Flexitrate, an innovative regional citrate anticoagulation (RCA) protocol, was compared to traditional RCA (tRCA) and Heparin anticoagulation protocols in intensive care patients treated with continuous renal replacement therapy (CRRT).

Methods

A single-center, retrospective, cohort study, was done in a 26-bed intensive care unit in a large community hospital. Eighty dialysis sessions (Flexitrate = 2852 h, tRCA = 3580 h and Heparin = 2026 h), performed in 53 patients, were evaluated for filter life, RCA control, and metabolic control.

Results

In the Flexitrate cohort, 3.8% of filters clotted, compared to 16.9% with tRCA and 28.3% with Heparin (p < 0.001 for Flexitrate compared to either tRCA or Heparin). Filter survival was significantly improved with Flexitrate compared to tRCA (HR 0.24, p = 0.018) or Heparin (HR 0.14, p = 0.004).

Anticoagulation control was superior with Flexitrate with Patient Ionized Calcium out of target a median of 16% of the time, compared to 27% for tRCA (p < 0.001). Filter Ionized Calcium was out of target a median of 6.8% of the time, compared to 23% for tRCA (p = 0.03).

Flexitrate produced significantly less alkalosis, hypernatremia, and hypocalcemia than tRCA, and overall metabolic control was comparable to Heparin anticoagulation. The only adverse metabolic outcome with Flexitrate was increased hypomagnesemia.

Conclusions

The Flexitrate protocol extended filter life, delivered more consistent anticoagulation, and provided superior metabolic control compared to a tRCA protocol. Filter life was superior to Heparin anticoagulation, with similar metabolic control. A randomized control trial comparing these protocols is recommended.

Continuous renal replacement therapy (CRRT) is widely used in intensive care settings for the treatment of acute kidney injury in critically ill patients [1]. CRRT is optimally performed with continuous anticoagulation to allow for adequate and uninterrupted treatments. Anticoagulation is generally provided using either a continuous heparin infusion or a regional citrate anticoagulation protocol (RCA) [2].

The use of RCA has been shown to have potential benefits over heparin anticoagulation in both reduced bleeding risk and extended filter life [3]. Yet, typical protocols are plagued by complexity leading to increased risk of medical error [4]. Additionally, the use of high concentration citrate solutions (2–4%) in most protocols leads to metabolic complications [5,6,7].

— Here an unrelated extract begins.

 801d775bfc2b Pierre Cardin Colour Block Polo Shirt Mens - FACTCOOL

In 2006, Tolwani, et al. described the successful implementation of a low concentration (0.5%) RCA protocol which showed excellent metabolic control and filter survival [8].

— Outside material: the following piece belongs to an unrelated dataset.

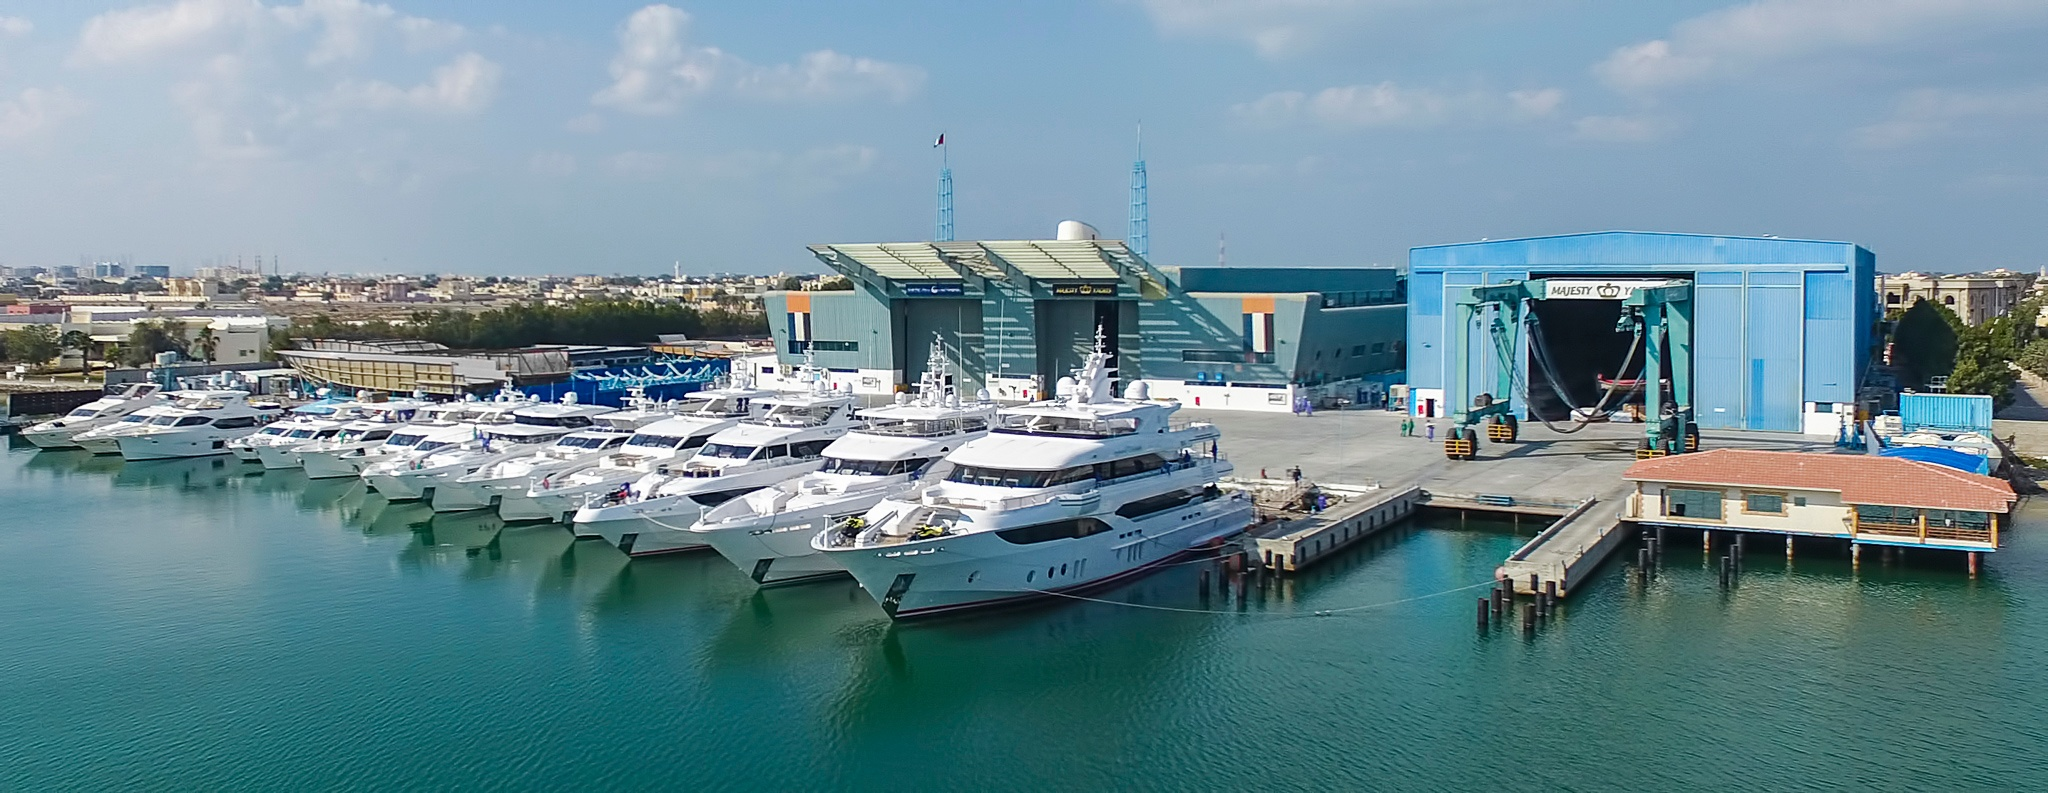 Gulf Craft Prepares its fleet for Dubai International Boat Show 2017 (4).jpg

More recently, computer software has enabled algorithm driven protocols to simplify the provision of RCA and reduce nursing workload, while providing improved filter survival [9, 10].

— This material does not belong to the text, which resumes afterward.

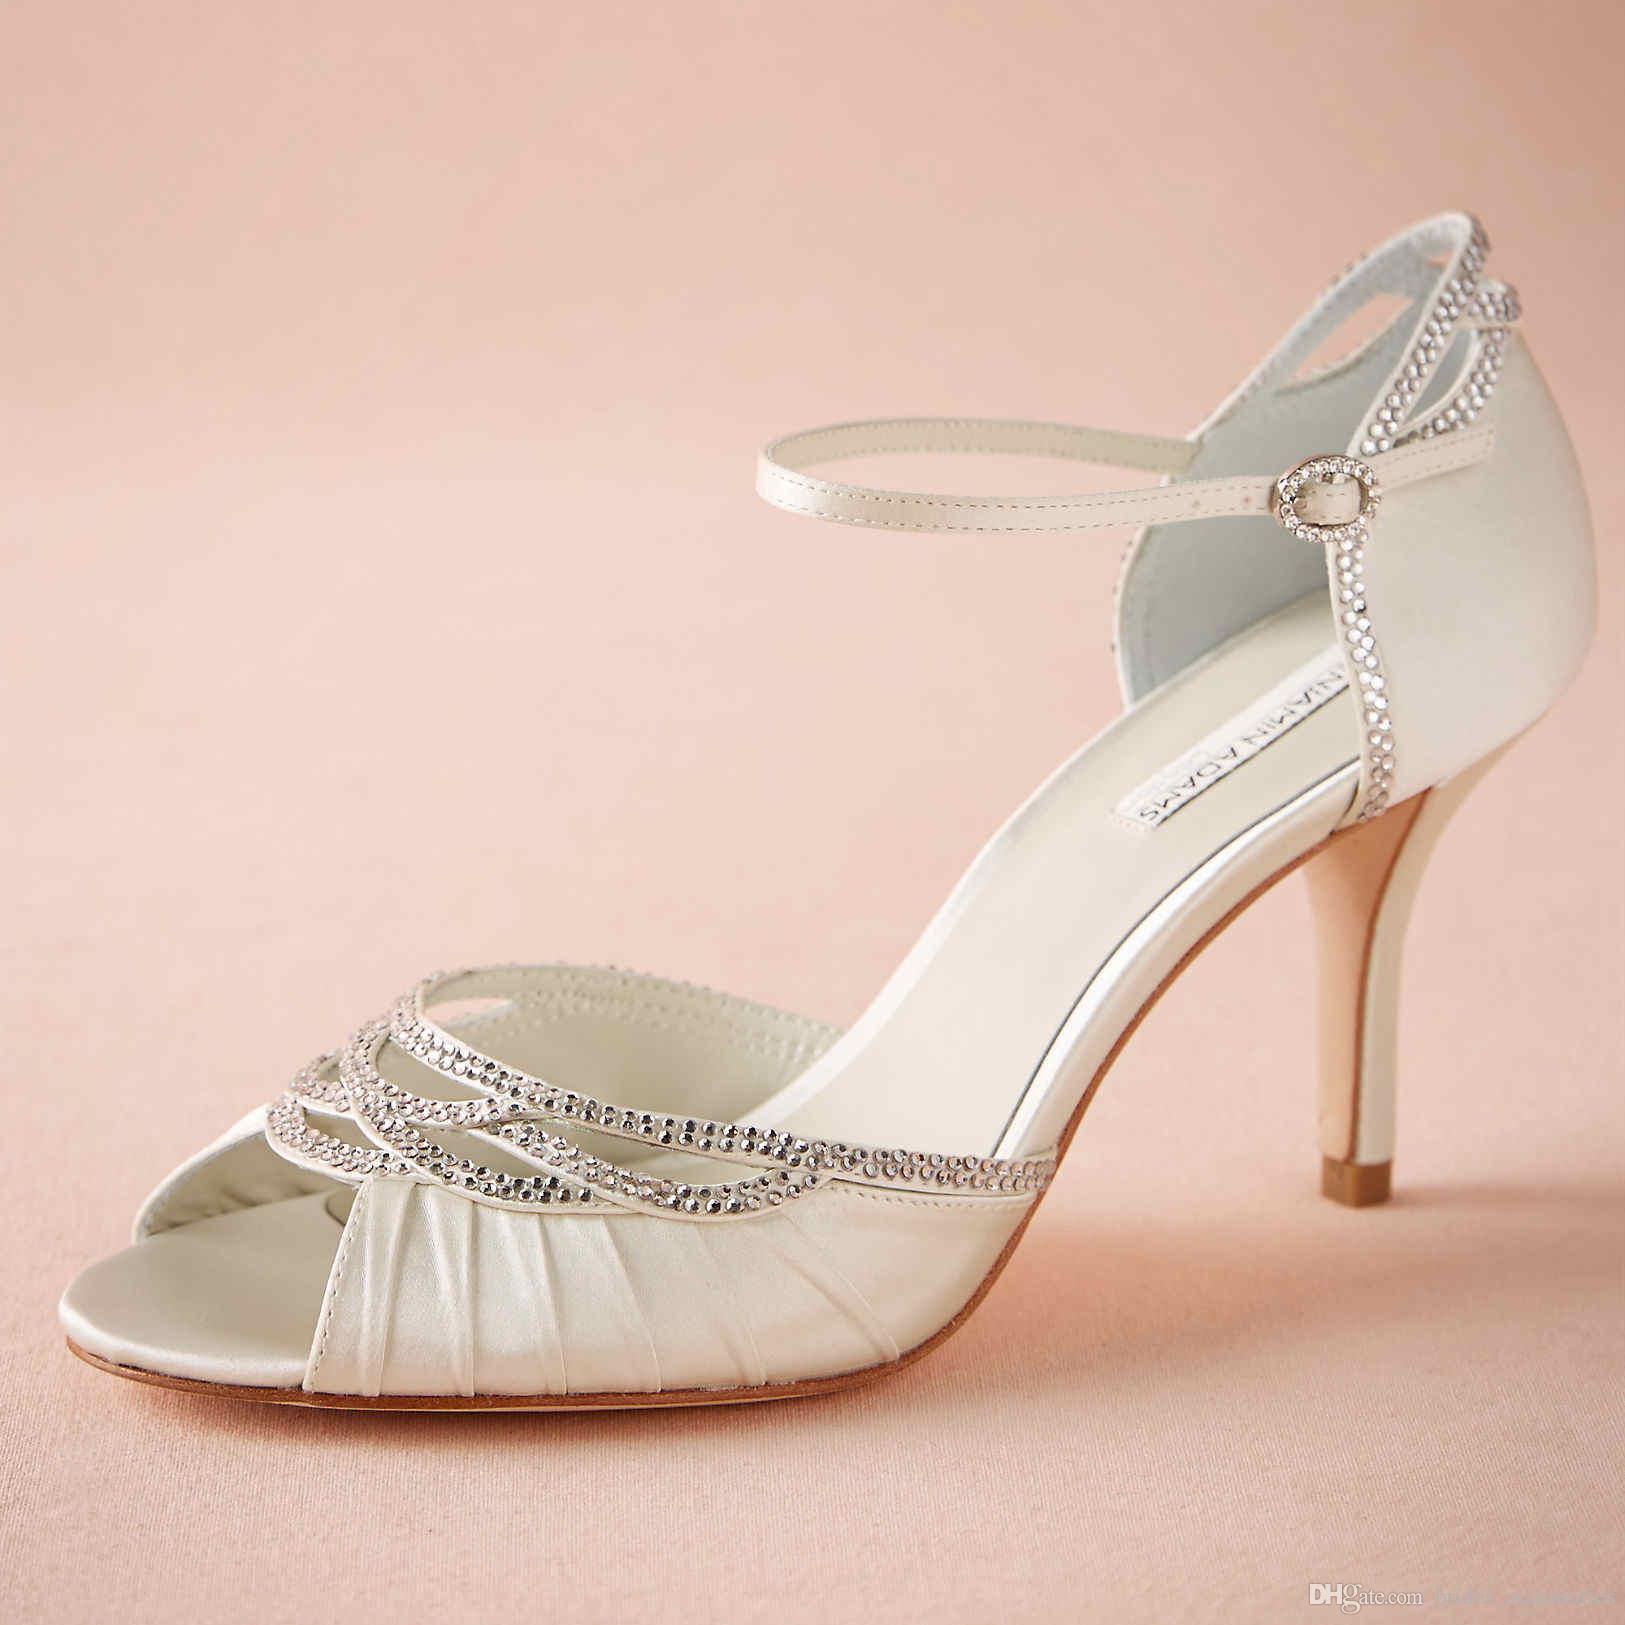 Custom Made Bridal Shoes Uk: Ivory Wedding Shoes Sandal Open Toe 2015 Women Pumps Wrap

Flexitrate^{Footnote 1} is an innovative CRRT RCA protocol which combines a low concentration regional citrate solution^{Footnote 2} with computer algorithmic controls designed to proactively adjust anticoagulation, thereby reducing nursing workload, and sources of error. The protocol can be used for either continuous venovenous hemodiafiltration or hemofiltration.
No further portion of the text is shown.